AUDIT(2)                      System Calls Manual                     AUDIT(2)

NAME
     audit – commit BSM audit record to audit log

SYNOPSIS
     #include <bsm/audit.h>

     int
     audit(const char *record, u_int length);

DESCRIPTION
     The audit() system call submits a completed BSM audit record to the
     system audit log.

     The record argument is a pointer to the specific event to be recorded and
     length is the size in bytes of the data to be written.

RETURN VALUES
     Upon successful completion, the value 0 is returned; otherwise the
     value -1 is returned and the global variable errno is set to indicate the
     error.

ERRORS
     The audit() system call will fail and the data never written if:

     [EFAULT]           The record argument is beyond the allocated address
                        space of the process.
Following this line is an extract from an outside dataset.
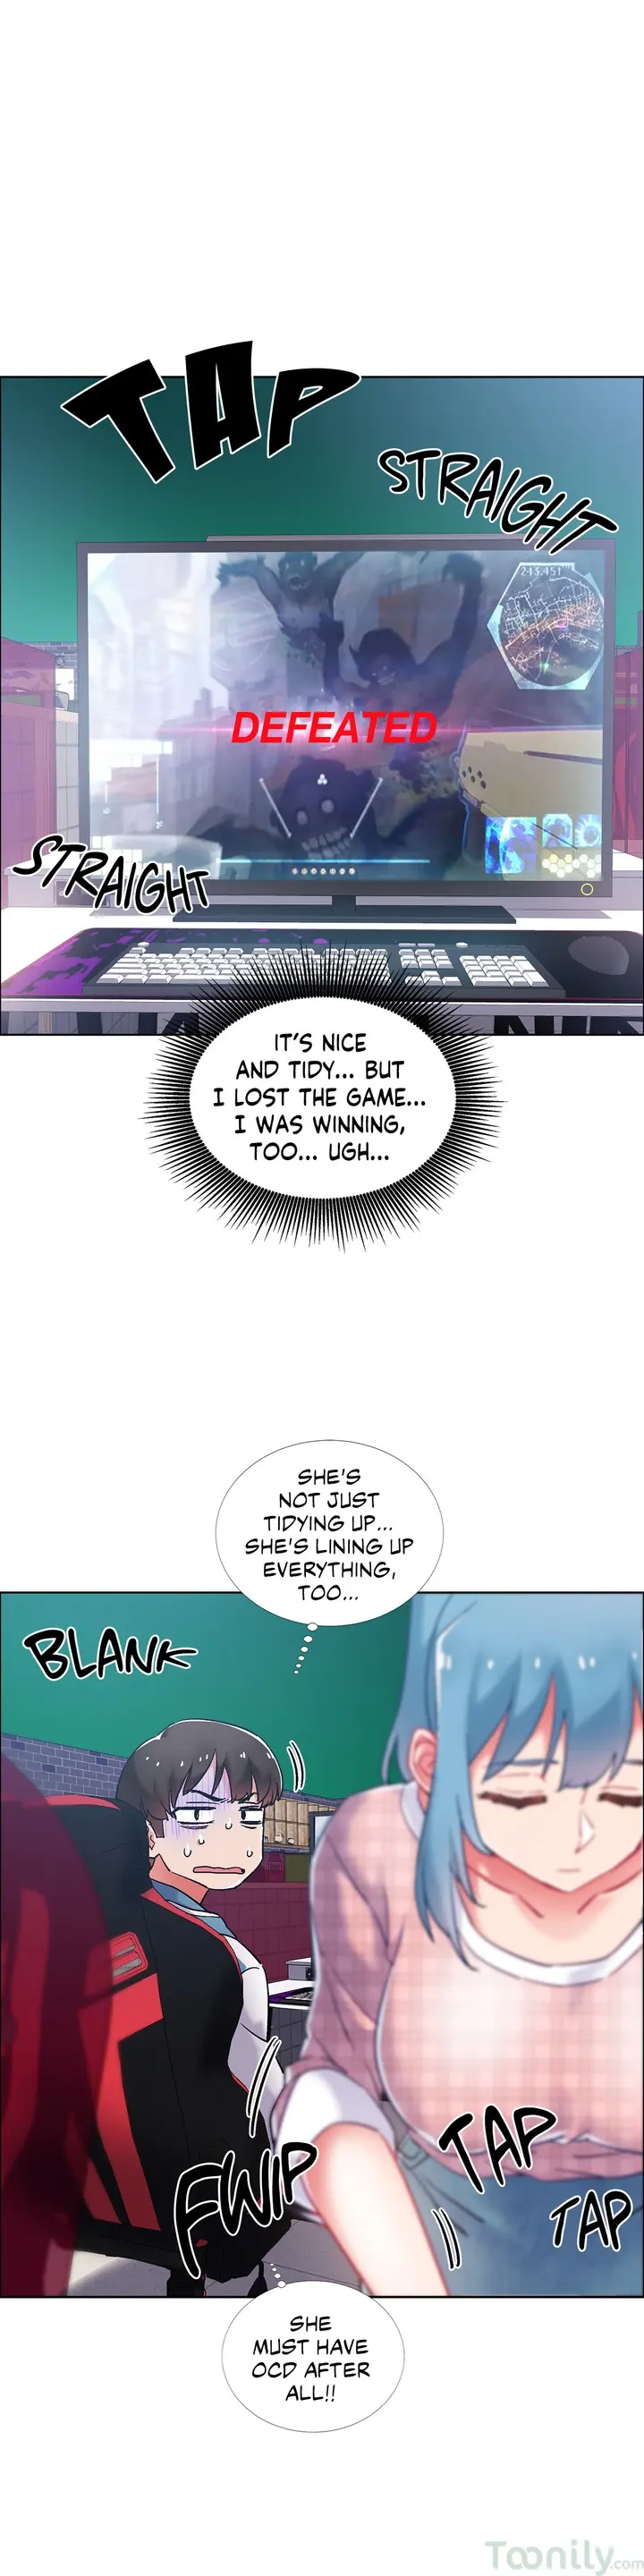 Rental Girls Chapter 34 - Page 20
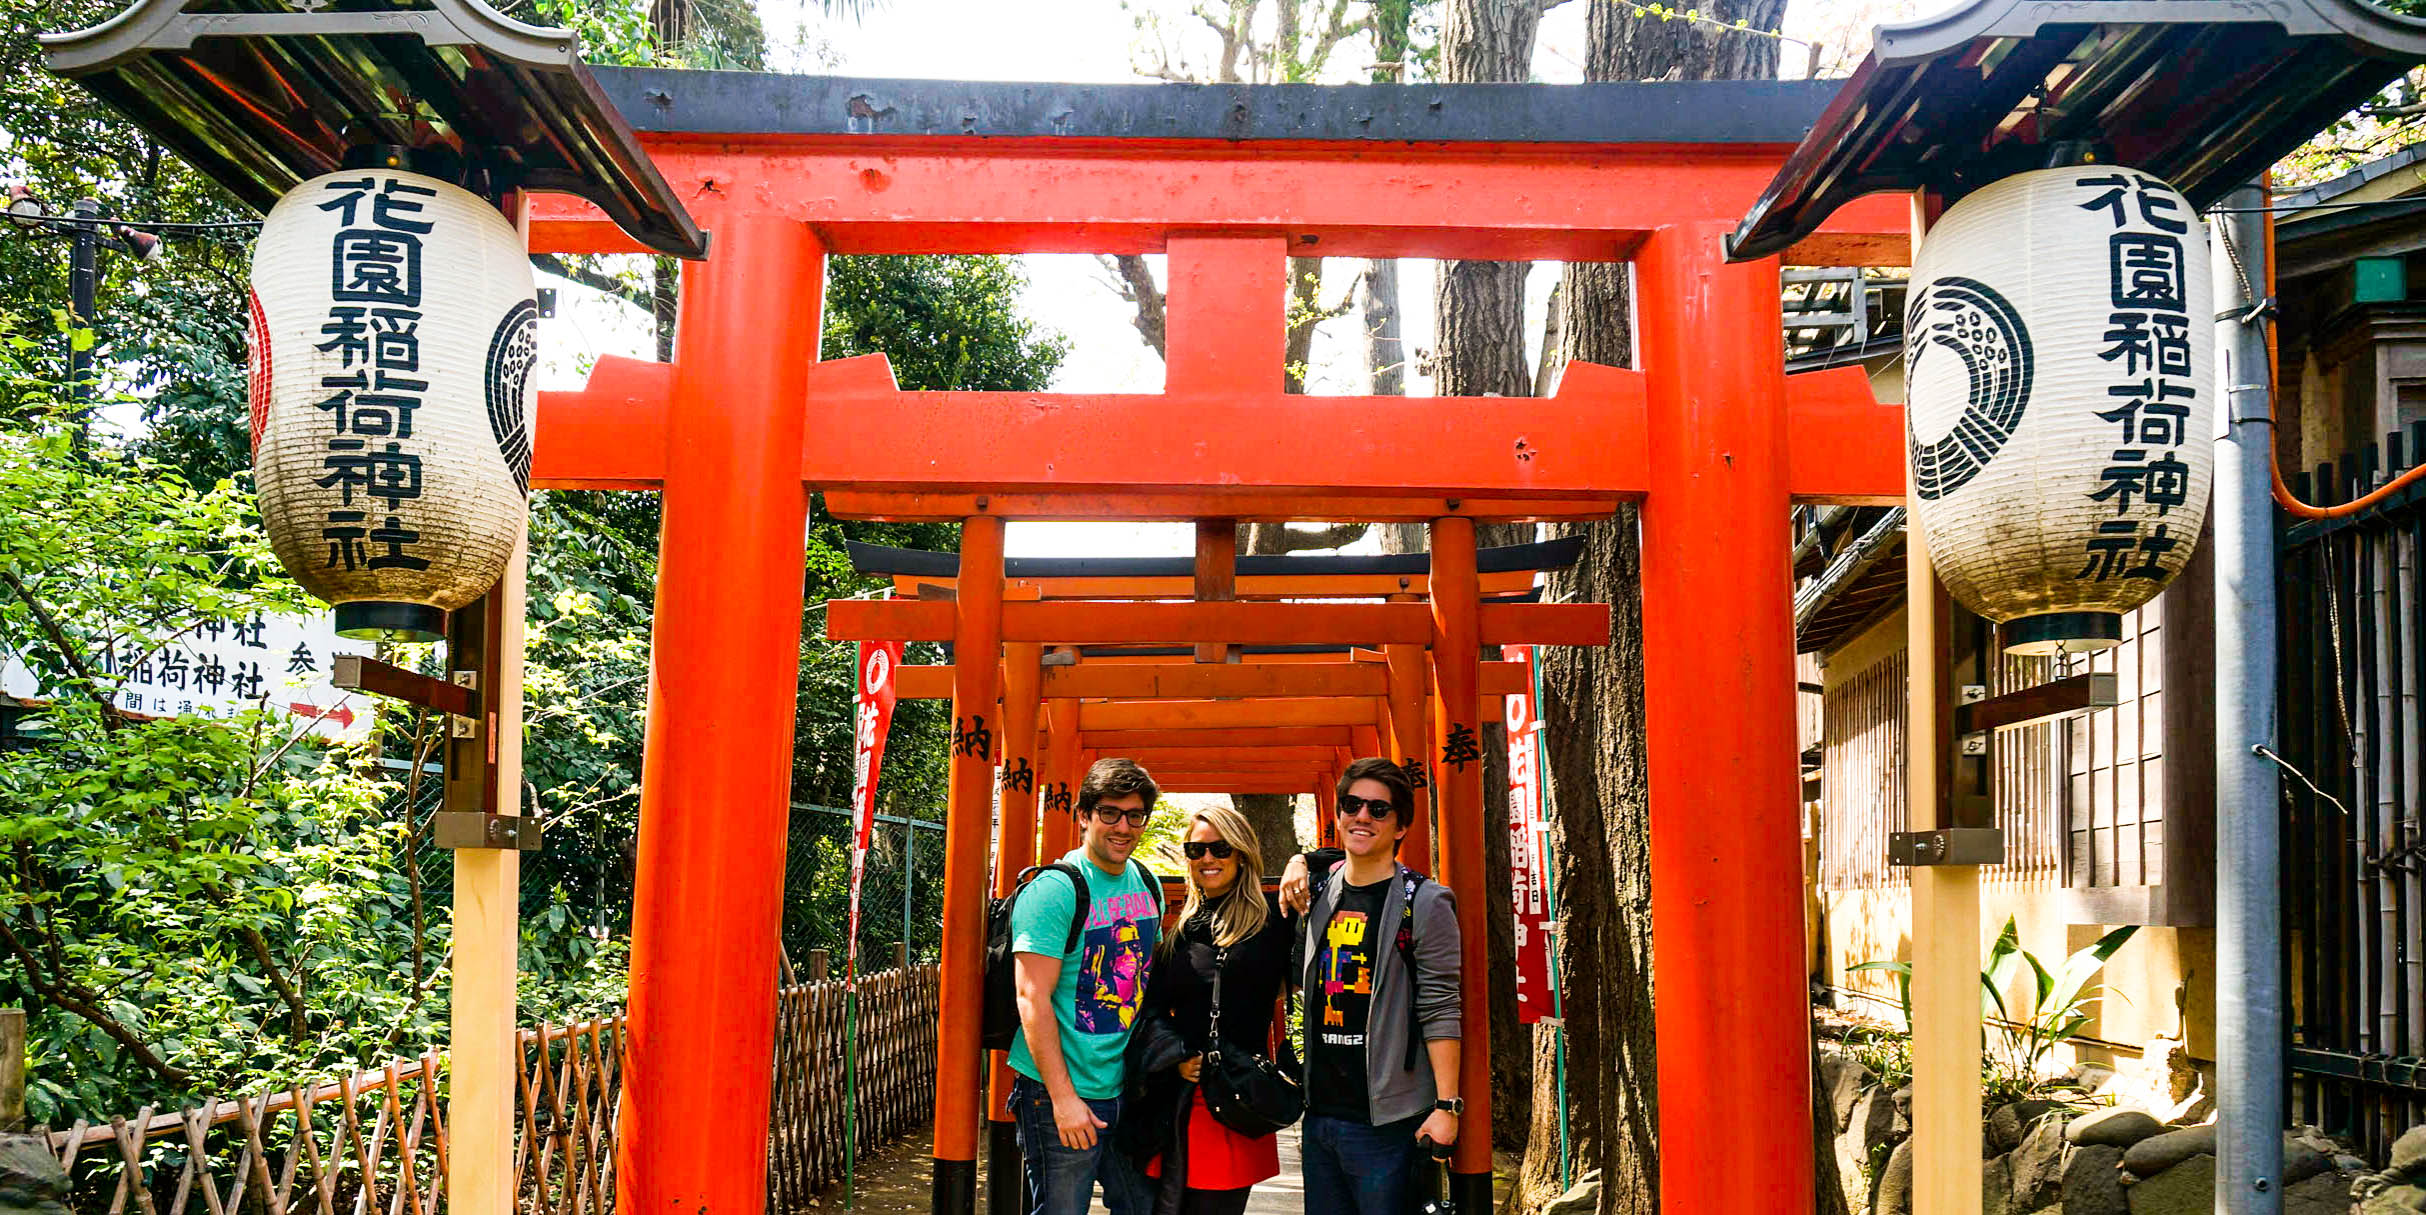 Enjoying our first day in Asia at Ueno Park

     [EINVAL]           The token ID is invalid or length is larger than
                        MAXAUDITDATA.

     [EPERM]            The process does not have sufficient permission to
                        complete the operation.

SEE ALSO
     auditon(2), getaudit(2), getaudit_addr(2), getauid(2), setaudit(2),
     setaudit_addr(2), setauid(2), libbsm(3)

HISTORY
     The OpenBSM implementation was created by McAfee Research, the security
     division of McAfee Inc., under contract to Apple Computer Inc. in 2004.
     It was subsequently adopted by the TrustedBSD Project as the foundation
     for the OpenBSM distribution.

AUTHORS
     This software was created by McAfee Research, the security research
     division of McAfee, Inc., under contract to Apple Computer Inc.
     Additional authors include Wayne Salamon, Robert Watson, and SPARTA Inc.

     The Basic Security Module (BSM) interface to audit records and audit
     event stream format were defined by Sun Microsystems.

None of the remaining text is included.